Cultural convergence
The tendency for cultures to become more alike as they increasingly share technology and organizational structures in a modern world united by improved transportation and communication; occurs when the skills, arts, ideas, habits, and institutions of one culture come in contact with those of another culture.
Cultural perception
The varying attitudes and ideas that culture groups have regarding how space, place, and territory are identified and used.
Characteristics
a distinguishing quality.
Cultural Regions
a geographic representation of a cultural complex or system.
Culture complex
a group of people sharing a unique combination of cultural traits.
Gender gap
a measurable difference between the behaviors of men and women.
Ethnic neighborhood
a neighborhood, typically situated in a larger metropolitan city and constructed by or comprised of a local culture, in which a local culture can practice its customs.
Formal Cultural Region
a region that is linked by a particular activity or function, such as transportation system or an economic activity, and organized around a central point, or node, which is connected to places within the region.
Cultural adaptation
adjusting to a translation based on the cultural environment of the target language.
Folklore
an area whose defining characteristic, such as climate or the nationality of people who live there is found throughout the region.
Cultural traits
behaviors passed from one generation to another including customs, language, religion, and skills.
Folk songs
composed anonymously and transmitted orally.
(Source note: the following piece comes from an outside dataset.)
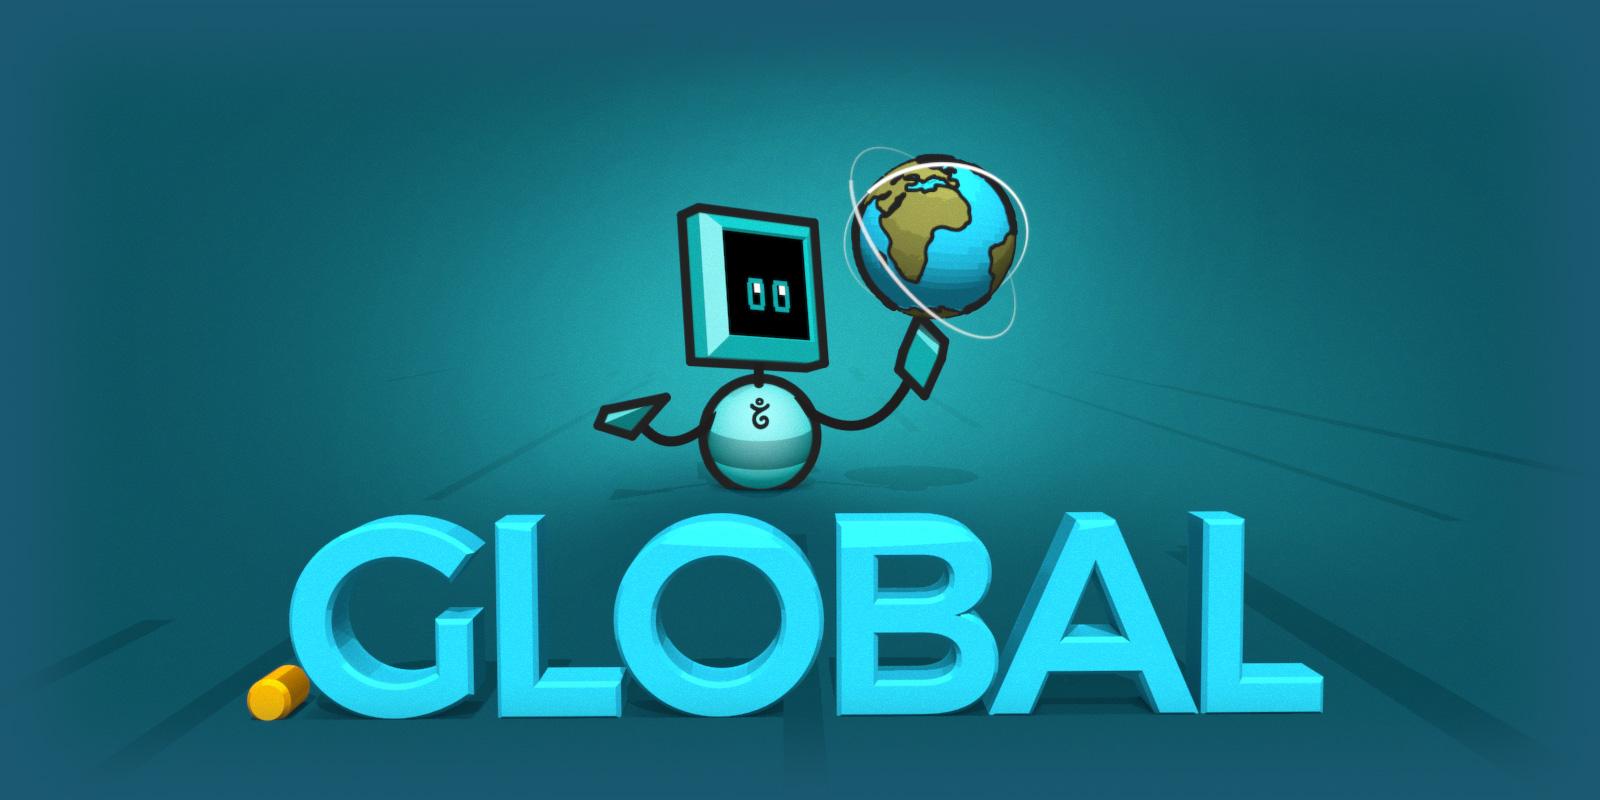 A .global domain name promo

A song that is derived from events in daily life that are familiar to the majority of the people; songs that tell a story or convey information about daily activities such as farming, life cycle events, or mysterious events such as storms and earthquakes.
Folk house
houses that reflect cultural heritage, current fashion, functional needs, and the impact of environment. The form of each house is related in part to environmental as well as social conditions.
Transculturation
occurs when two cultures of just about equal power or influence meet and exchange ideas or traits without the domination seen in acculturation and assimilation.
Cultural imperialism
spread or advance of one culture at the expense of others or imposition on other cultures which it modifies, replaces, or destroys.
Acculturation
the adoption of cultural traits, such as language, by one group under the influence of another.
Culture
the body of customary beliefs, social forms, and material traits that together constitute a group's distinct tradition.
Cultural realm
the combination of several cultural regions
Functional Cultural Region
the cultural practices and customs of a traditional, homogenous society that lives in a single geographic area .
Assimilation
the final completion of the cultural acculturation process, when a culture group loses all its original traits and becomes fully a part of a different , dominating culture.
Contagious diffusion
the rapid, widespread diffusion of a feature or trend throughout a population.
Expansion diffusion
the spread of a feature or trend among people from one aea to another in a snowballing process.
Cultural diffusion
the spread of culture
Cultural ecology
the study of the relationship between a culture group and the natural environmental it occupies.
Sequent occupance
theory that a place is occupied by different groups of people, each group leaving an imprint on the place from which the next group learns.
Traditional architecture
traditional building styles of different cultures, religions, and places.